In addition to the sqlite command-line tool, we can also query a sqlite database directly from Python. As with CSVs, there are a couple of tools for doing this, and we'll use a tool built directly into pandas. Because pandas is tabular, pulling data from sql and putting it directly into a dataframe is fairly simple.

(Note that in the below query you will have to update the url to reflect the path to where nbs.db is stored on your computer.)

In [7]:
import sqlite3 as lite
import pandas as pd
con = lite.connect('nbs.db')
query = 'select * from artists'
artists_df = pd.read_sql(query,con)
con.close()
print('there are %s rows in the artists table' % len(artists_df))
artists_df.head()


there are 4349 rows in the artists table


Unnamed: 0,name,musicbrainz_id,created_at,updated_at,deleted_at,id
0,The Scenic,a8e347d8-29d8-459c-a444-68febeb99c6b,2009-06-16 07:58:58,2015-05-19 12:28:17,,500
1,Our Family Name,fc93c97f-1b9b-49af-8370-7b36e29ad22e,2009-06-16 08:04:18,2014-08-27 09:04:37,,710
2,Khamelien,,2009-06-16 08:05:08,2014-08-27 09:04:36,,744
3,Death in the Park,000c60eb-a2c4-46be-9097-e603fd8795c6,2009-06-16 08:06:10,2014-08-27 09:04:37,,786
4,enter the collector,f50c0834-e2a7-4241-bd32-061d67560c41,2009-06-16 08:06:54,2014-08-27 09:04:34,,818


Here we've created a connection to the sqlite database using the sqlite3 library, and then passed a sql query and our sqlite connection object to the read_sql method to get the query results as a dataframe.

#### Non-tabular Data

So far, all of the ways we've looked at for storing data have assumed that our data is tabular, but sometimes data doesn't fit neatly into rows and columns. Suppose for instance that you had a list of arists and you wanted to store all of their EPs and all of the tracks on those EPs. It is *possible* to store this data is a relational database, but that's not necessarily the best or most intuitive way to do so. 

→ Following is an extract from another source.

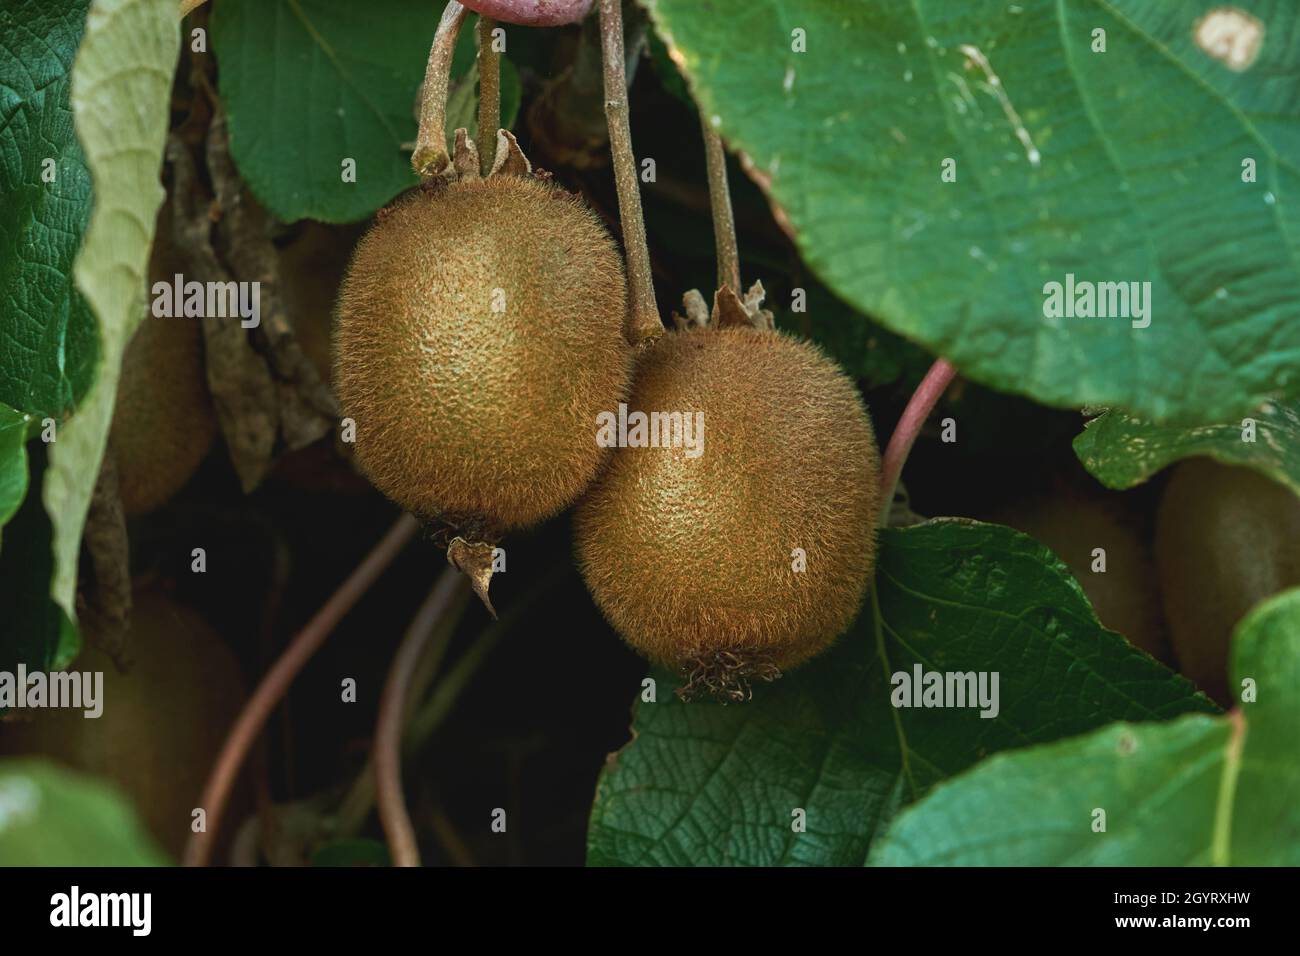 Kiwifruits growing in Actinidia deliciosa woody vine, selective focus Stock Photo

An alternative data structure uses key-value mappings. Storing EP data for the bands Green Day and Alkaline Trio in a key-value map might look like this:

In [8]:
ep_data = {"Green Day":{
    "EPs":{
        "1,000 Hours":{
             "release_year":1989,
             "tracks":["1,000 Hours","1,000 Hours","Only of You","The One I Want"]},
        "Slappy":{
             "release_year":1990,
             "tracks":["Paper Lanterns","Why do you Want Him?","409 in Your Coffeemaker","Knowledge"]},
        "Tune In, Tokyo...":{
         "release_year":2001,
         "location":"Japan"}
        },
    "artist_id":1},
 "Alkaline Trio":{
    "EPs":{
        "For Your Lungs Only":{
             "release_year":1998,
             "tracks":["Snake Oil Tanker","Southern Rock","Cooking Wine","For Your Lungs Only"]},
        "I Lied My Face Off":{
             "release_year":1999,
             "tracks":["Goodbye Forever","This Is Getting Over You","Bleeder","I Lied My Face Off"]},
        "Broken Wing":{
             "release_year":2013,
             "tracks":["Balanced On A Shelf","Pocket Knife","Broken Wing","Sun Burns"]}
        },
    "artist_id":2}}


The key-value pair data structure in Python is called a dictionary (and known as a JSON object in javascript, and goes by other names in other programming languages). Python dictionaries are very flexible. The key can be either a string or a number, and the value can be almost anything.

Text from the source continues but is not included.